Finally, the rocket's structure itself. You have been using heavy, tough hulls to ensure that the designs suffered no drag or compression issues - but the more you launched, the more data you have on the atmosphere and the less it is looking like you need to overbuild the missiles. A lighter hull would give a better mass fraction, a better mass fraction would give a better results in flight.

It would take months of research to refine these basic concepts into actual, buildable ideas, and that would seriously cut into the time you have to design a rocket for project Ajax - but nonetheless, it is necessary work.

Please roll 2d10 4 times.
 
rolling first time

Aww, and I got so excited when I rolled a 10.
Rockeye threw 2 10-faced dice. Total: 12
10 10 2 2
 
I'll throw another set since it's been a few minutes and nobody's done #s 3/4

Huh, what are the chances of that? (About 1/50 I think.)
Rockeye threw 2 10-faced dice. Reason: R&D Total: 12
2 2 10 10
 
Aight, you're coming out of this with gas-generator cycles and structural hulls. Update incoming. Tech post done as well.
 
EDIT: But, I sort of wonder what the odds of getting twelves three times out of four for a single bit.
0.265356%, I think. There's a 9% chance of and given set of 2d10 adding up to 12, one of the sets of dice has to add up to anything other than 12, and there are four different dice that that one could be. 0.09*0.09*0.09*0.91*4
 
C3P3
You spend four months in deep, intense work with your team. Theories are tested, fuels are burned, miniature rockets are designed and fired hundreds of metres into the air. When you finally sit down, exhausted by the stress already, you have a handful of months left before the design submission deadline and more than half of it gone on research and experimentation. The rumour is that O'Connel already have a booster ready to fly and are constructing demo prototypes even as you sit down to a meeting.

But you are very proud of what you have managed. So, perhaps you couldn't find a better fuel, and perhaps refined injectors escape the team, but you have a massively improved closed gas turbine cycle ready to go and a much lighter hull design just waiting for prototyping to check its strength. Whatever you build for the Ajax project, it's sure to draw a lot of attention purely for it's promises.

The first step is an engine. There are not many options on the scale of what you are looking at, but Usili Aeronautics has at least one that you believe can be upgraded to fit what you are looking for.

Fuel: N2H4/LOX
1M Multi-Feed Cycle with Dual Impingement: .28 Mass Flow
1.12M Atmospheric Nozzle
ISP Atmospheric: 235s
ISP Vacuum: 265s
Atmospheric Thrust: 128.3kN
Vacuum Thrust: 144.7kN
Mass: 2.12M
Cost: 4.64

A simple step up design to the Multi-Feed rather than Single Feed system gave an increase of thirty kiloNewtons in the engine for only a relatively small increase in cost. But, it wasn't as advanced a design as you can manage and you know it. Not only that, but it uses the extremely corrosive hydrazine fuel.

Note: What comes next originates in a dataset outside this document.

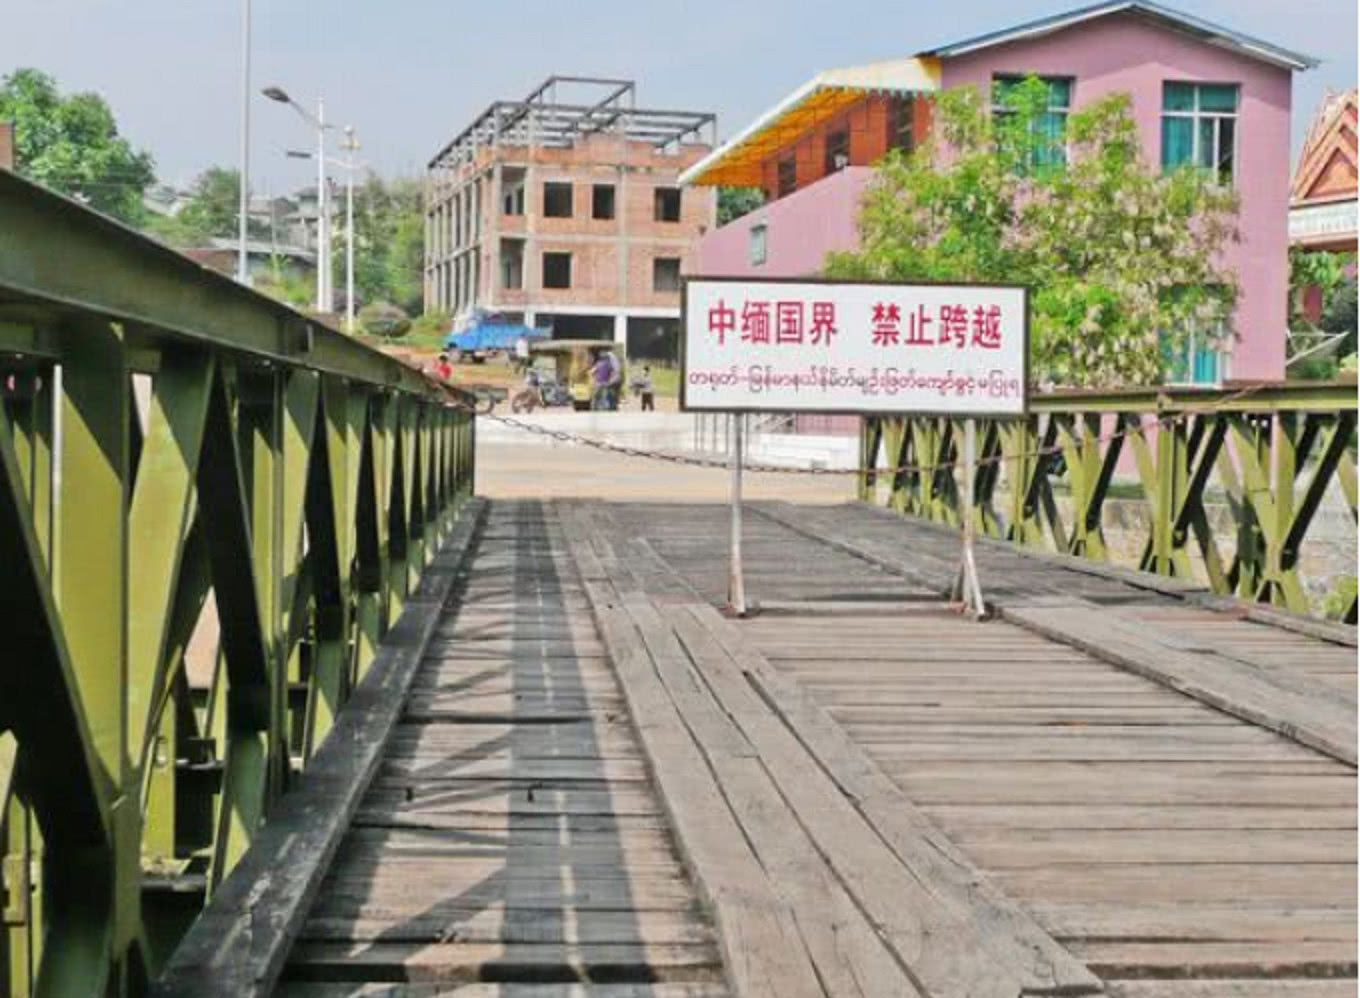 云南这个边境小镇,当地居民都有两个国籍,只要2元就能出国!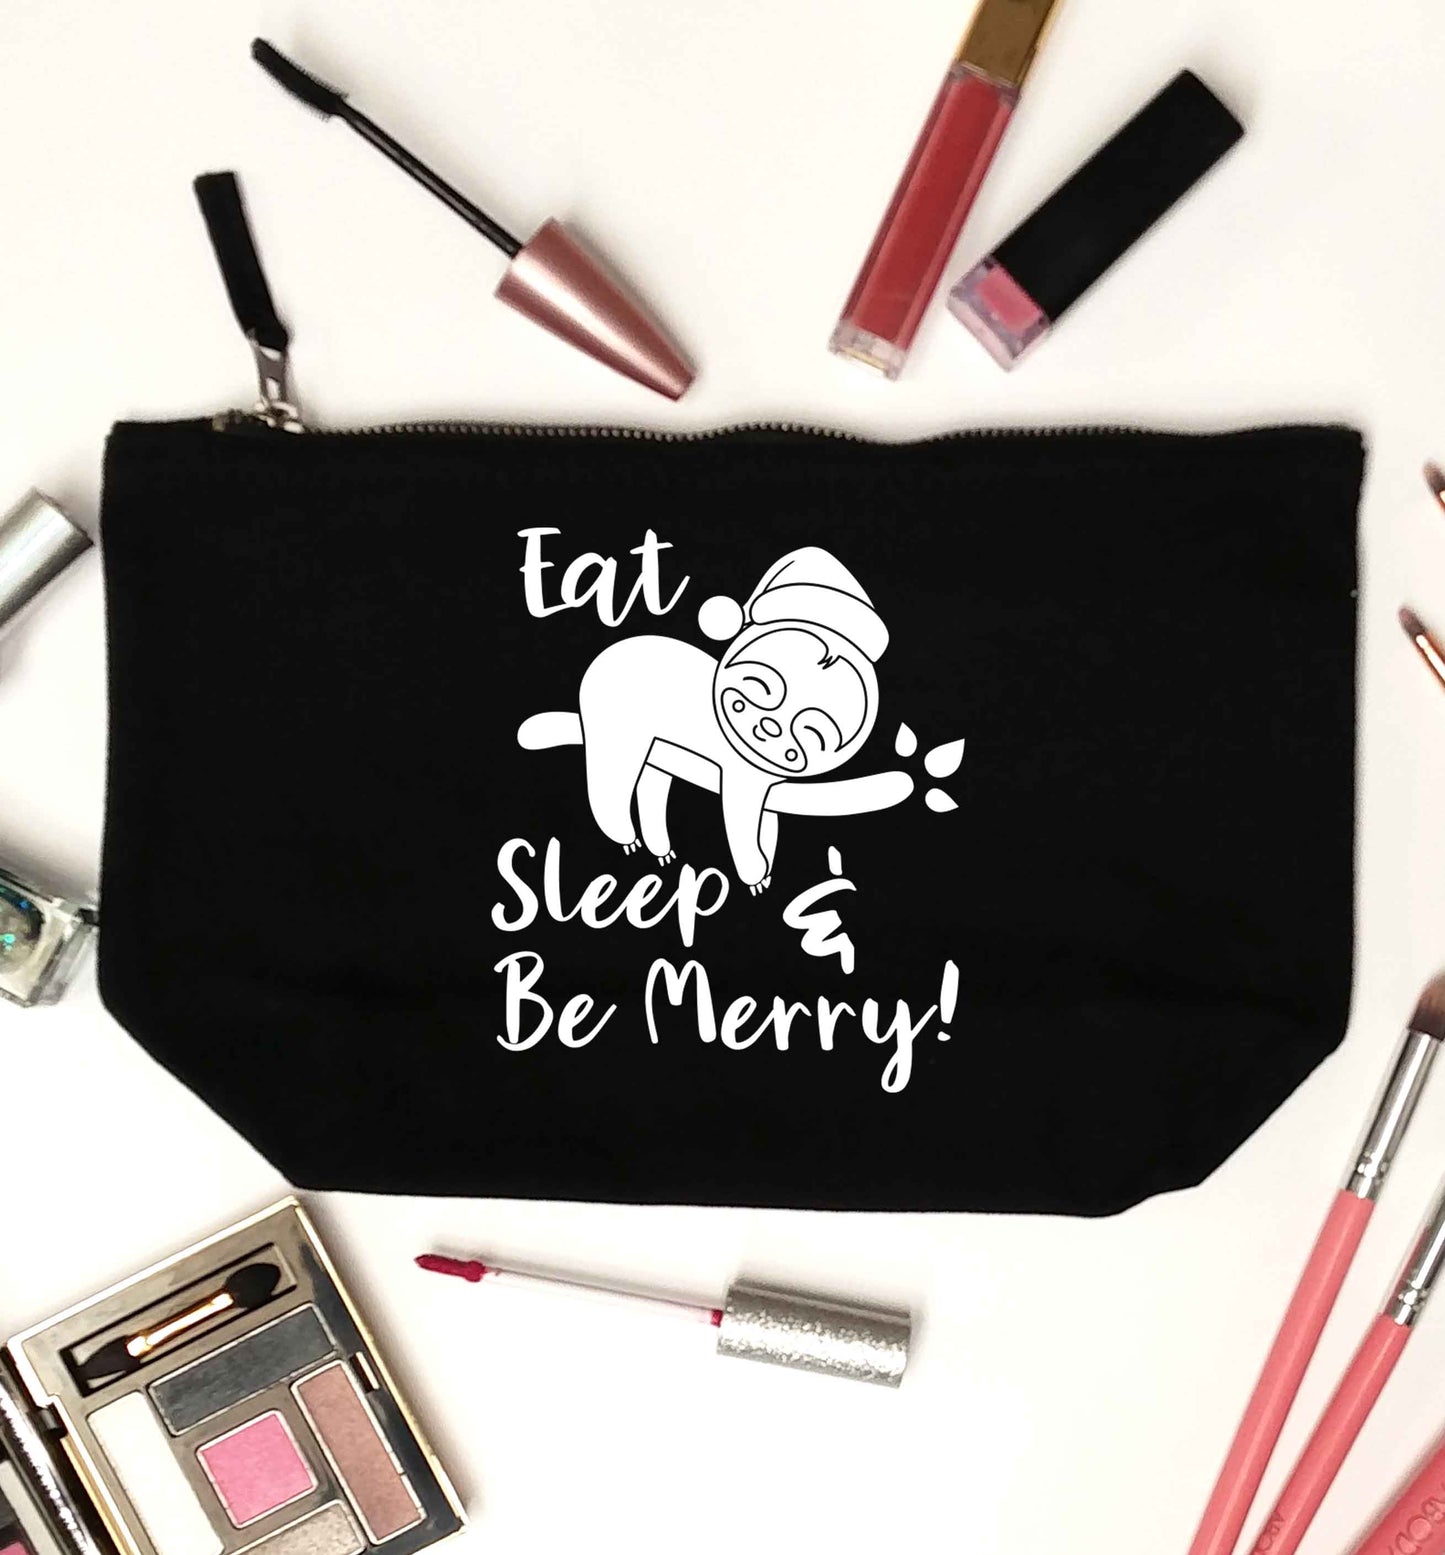 Merry Slothmas black makeup bag

There is, however, the question of time. Do you have months to spend on designing your own engine? Or is the UA design the way to go?

Well?
[ ] Usili Aeronautics - we don't have the time
[ ] Custom engine - we must have perfection.
 
I vote we go with the UA design. Using the UA design, we pretty much just need eight engines on the first stage (with a 10M Structural Tank and getting us to 1.23 for a TWR) and two engines on the second stage (with a 4M Structural Tank and getting us to 1.10 for a TWR), and we get to 5.85km/s of delta-v (with a cost of 77.1885). It's honestly just perfect for what we need right now in terms of winning this contract.